Yes, talent can turn around and bite you. Like those drunken, drugged or downright dopey rugby league players, Bali bar bashers and other fallen sports and entertainment personalities, marketers and agencies can be left with egg on their face when dealing with difficult and demanding talent.

Getting Clive James to come back to his beloved Sydney for Telstra was the easy part. Dealing with the great man was a nightmare. Much to the chagrin of the agency copywriter, James completely re-wrote the scripts time and time again, his wonderous verbosity turned 30s into 60s and at the last moment, and on the set, he refused to use the client’s name. That, and he over-stayed his welcome at his 5-star harbourside hotel.

He probably failed because he’d become a powerful brand himself and as an influencer, had little connection with telecommunications. Call it ‘The Vampire Effect.’ They were Clive James ads, not Telstra ads – quietly withdrawn and since forgotten.

Beware also over-exposed talent. We’re talking about you Shane Jacobson, (his bio is longer than this article), that ubiquitous IGA bloke in those truck ads, one-off TV shows, comperes reality programs and in re-run of old movies with Paul Hogan; or Ray Meaghen, that old codger from Home and Away who keeps his agent busy with stuff for a drug-free leg boosters, Go Daddy, Optus and anything else that turns up before he retires.

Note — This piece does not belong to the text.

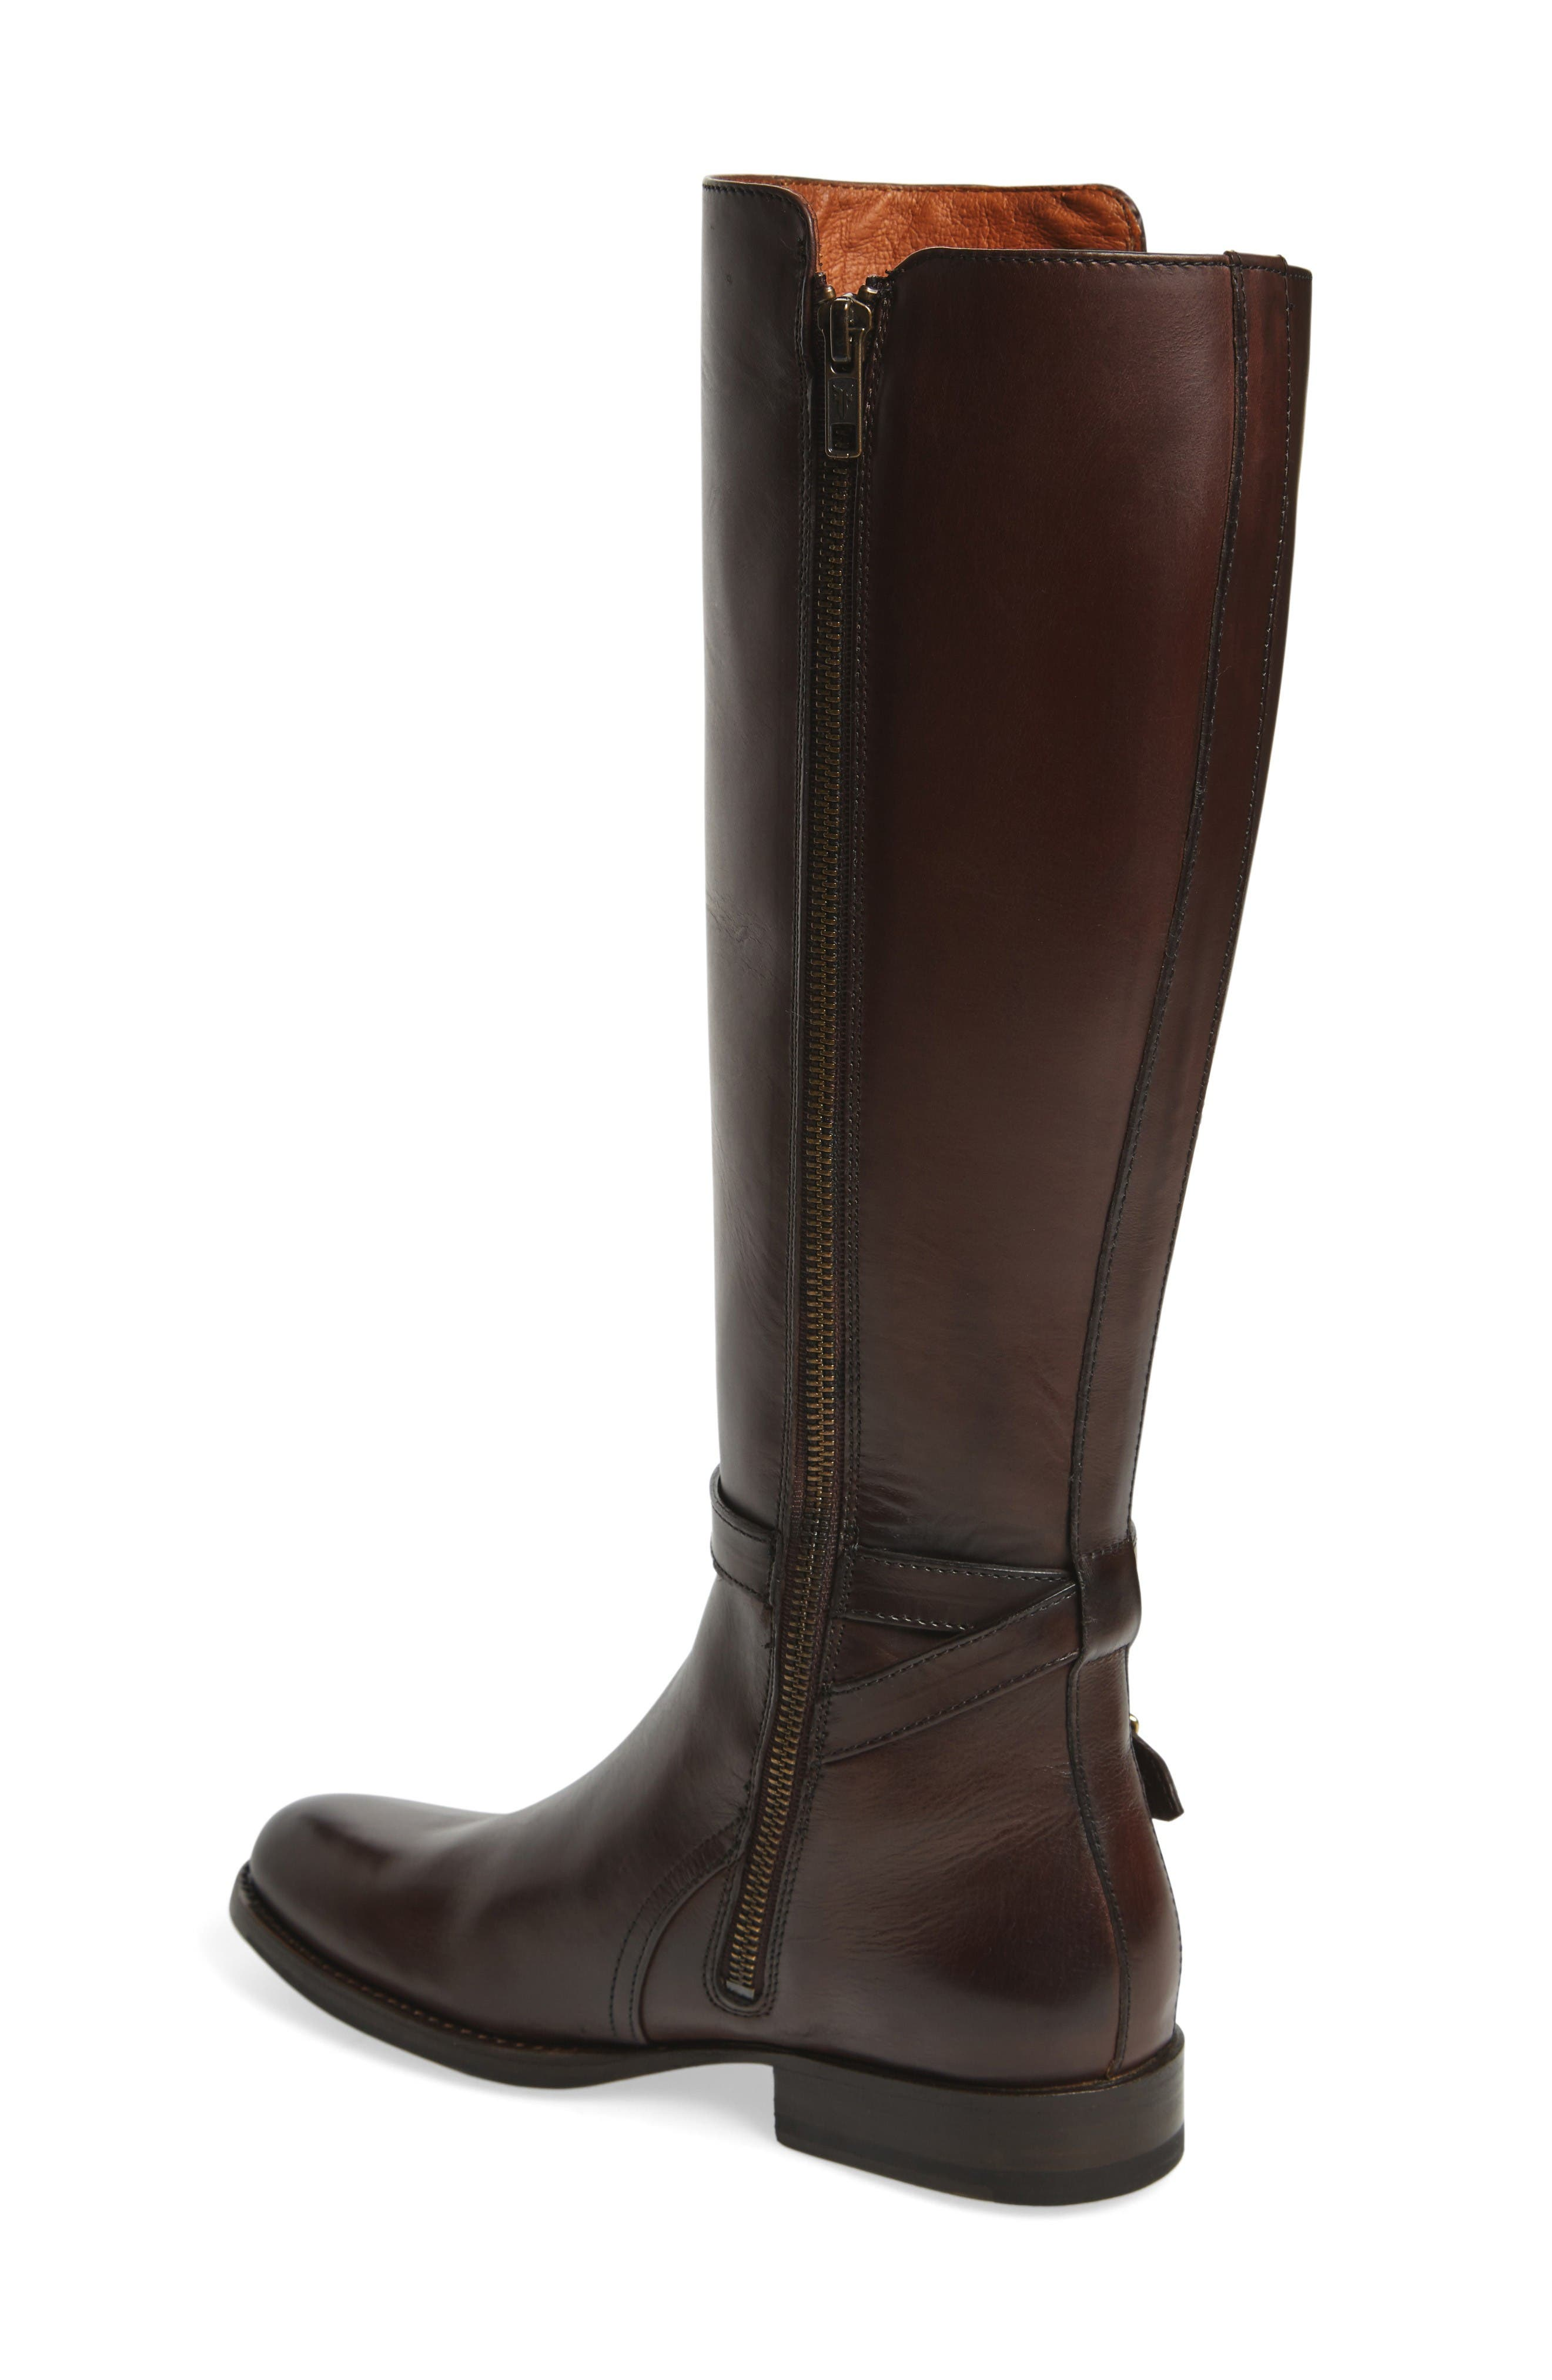 Alternate Image 2  - Frye Jordan Buckle Strap Knee High Boot (Women)

The Royals (no, not the Melbourne/Sydney indy) are pretty active in the influencer advertising space with over prized Royal Warrants dispensed to over 800 companies and, curiously, tradespeople. Between the Queen, Prince Phillip and Prince Charles, the three have granted permission to advertise the coveted seal of approval to companies from Aston Martin to Yardley, to no less than seven Champagnes (from Bollinger to Veuve), and yes, a local car repairer and panel beater. The latter would prove handy should there be the odd dent in the Land Rover Freelander.

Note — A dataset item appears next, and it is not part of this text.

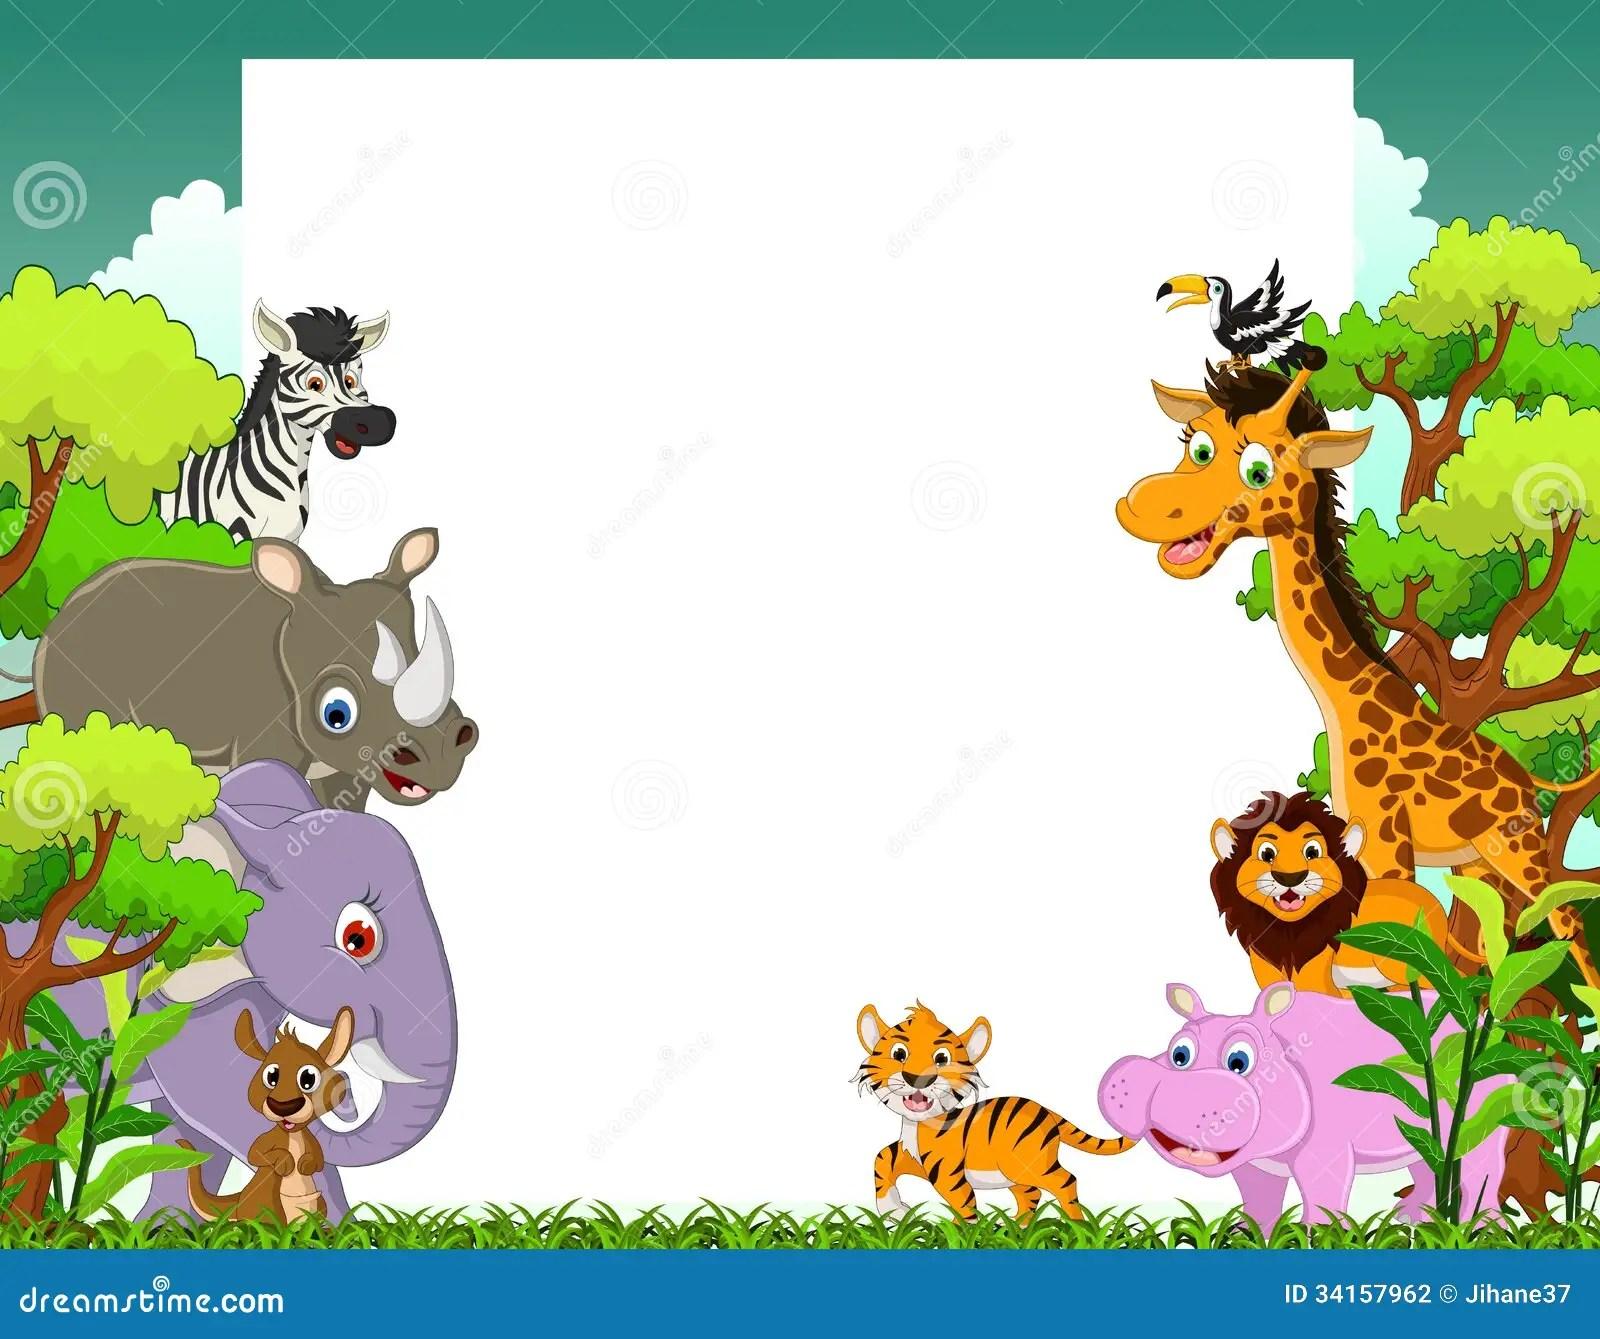 animal cartoon with blank

Certain companies such as agencies and PR consultancies are precluded from warrants, so we are not aware of Andrew’s PR people, although there was a veritable race to the bottom of organisations wishing to disassociate themselves from The Hapless Prince.

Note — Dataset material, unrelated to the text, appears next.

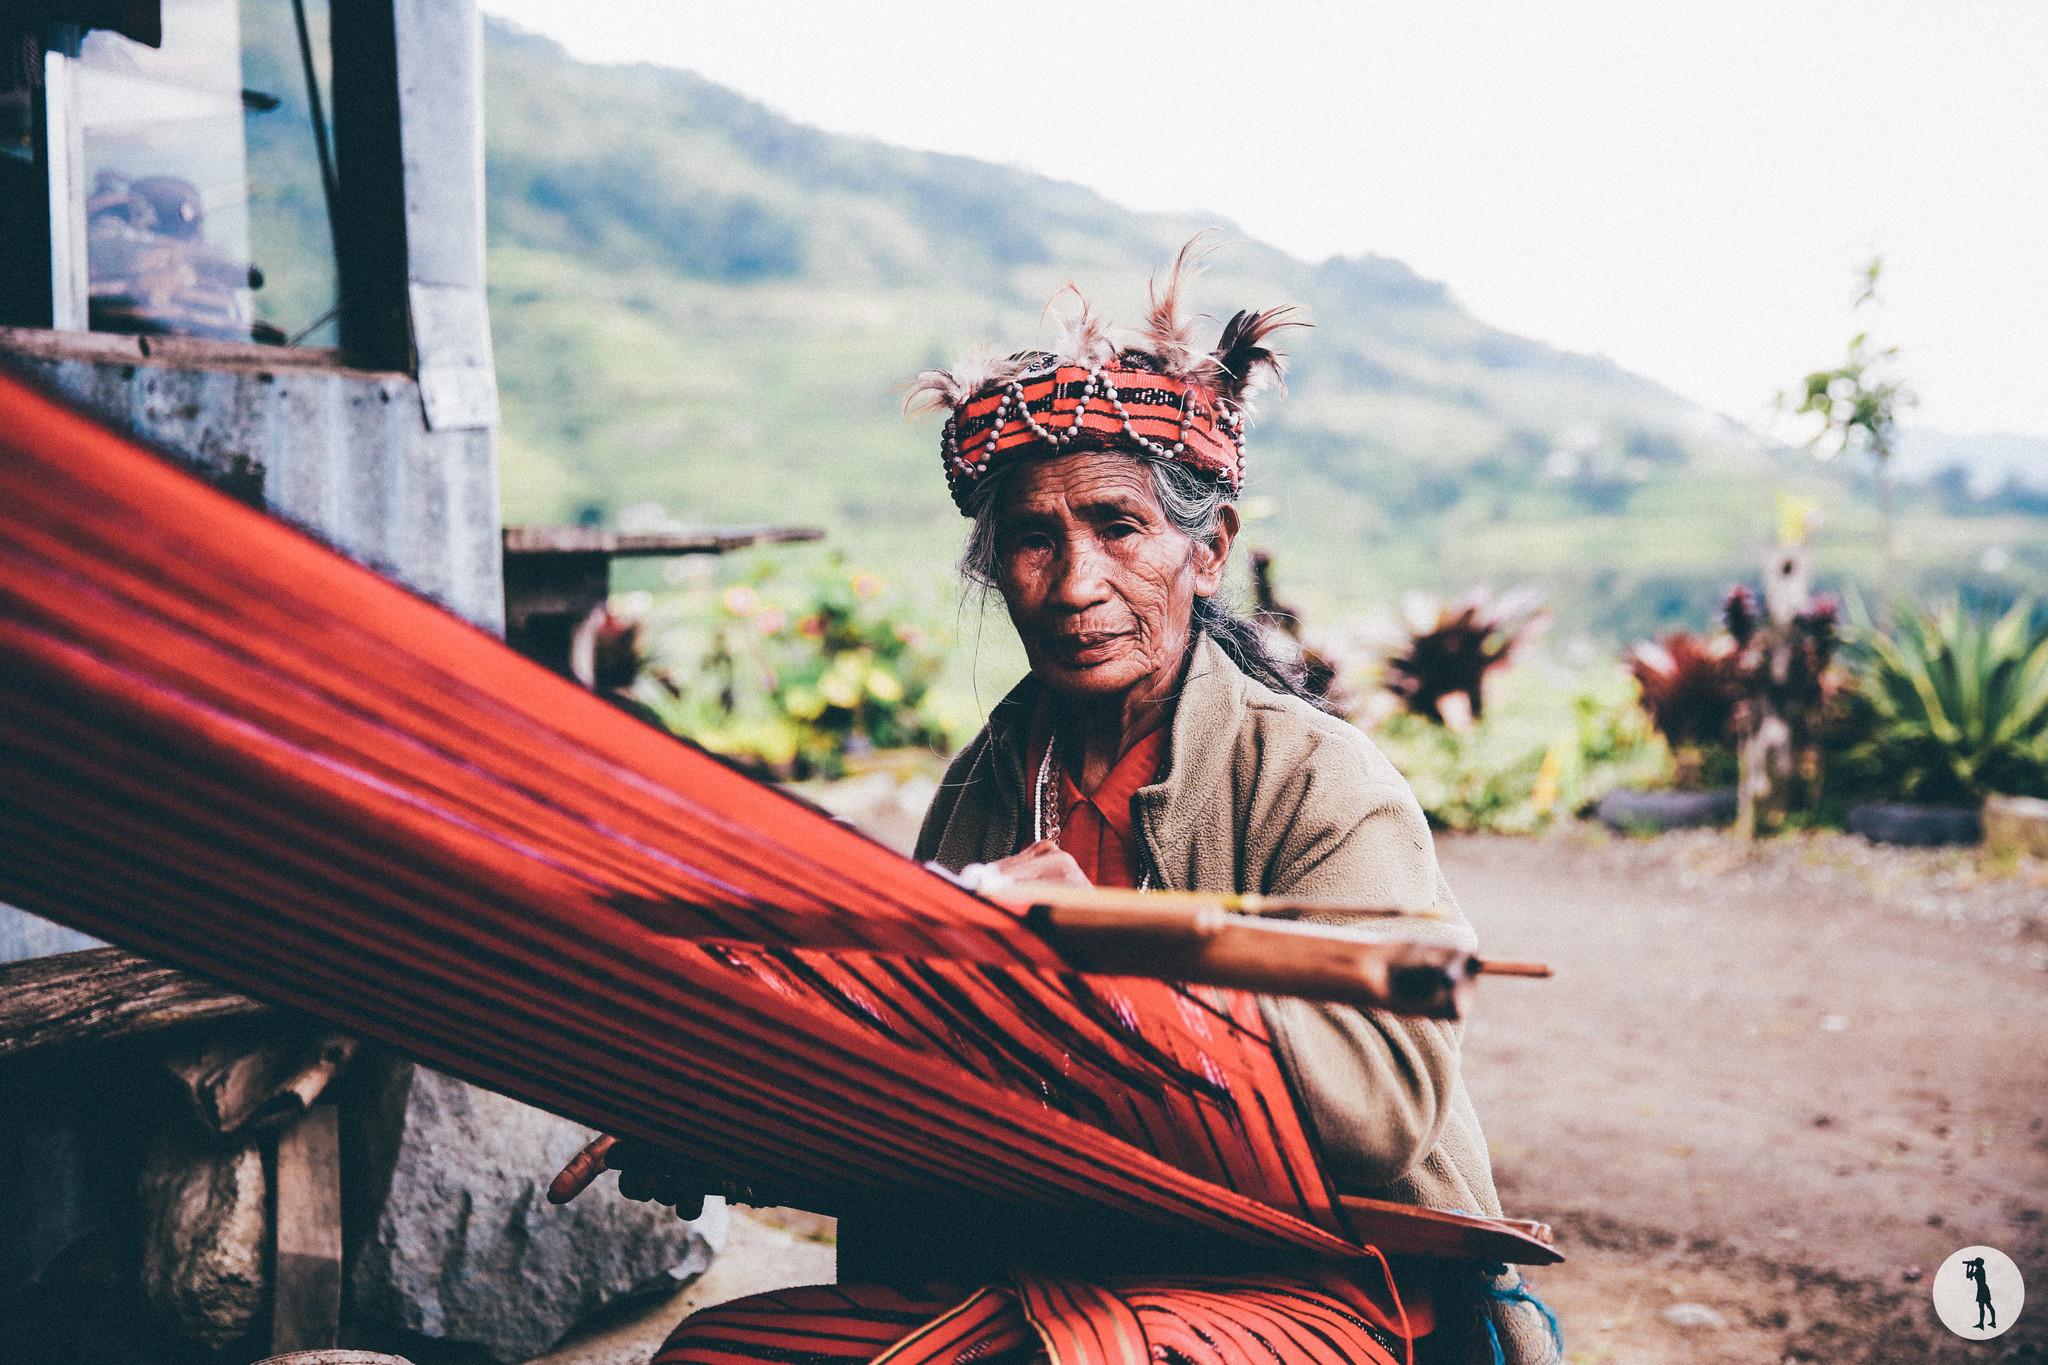 Travel to the Philippines - Banaue

There is a long list of how successful influencers, like Cate Blanchett, Sam Kekovich, and John Meillon, or Mr Sheen, Louie the Fly and Sid the Seagull. Check out a few classics from yesteryear on YouTube: Orson Wells’ not for Xerox spot (written by John Searle of Murray Evans all those years ago) or one of the Ronnie’s saucy spot for Vulcan heaters and perhaps the Marlboro Man. (Back stories on some of these remarkable talents might well be part of another article). Suffice to say, Leo Burnett transformed a cigarette targeted at women into a macho brand, although the tragic fact is, many of the cowboy talent died of lung cancer.

John Bevins and Paul Fishlock have both written passionate and powerful pieces for various Cancer Councils over the years, and Phillip Adams, Peter Bes and the late Alex Stitt’s 1981 ‘Slip! Slop! Slap!’ campaign for skin cancers has stood the test of time.

But what sticks in my mind is the powerful TVC for the American Cancer Society which stars – if that’s the right word – Yul Brynner, the chrome-domed actor immortalised in The King and I. He was a heavy smoker and lived out his last days stricken with lung cancer. The King however, wreaked revenge on his killers. In the commercial by McCaffery & McCall, New York and aired after his death, he told viewers what he really wanted to leave the world with the plea “Now that I’m gone, I tell you: Don’t smoke, whatever you do, just don’t smoke.”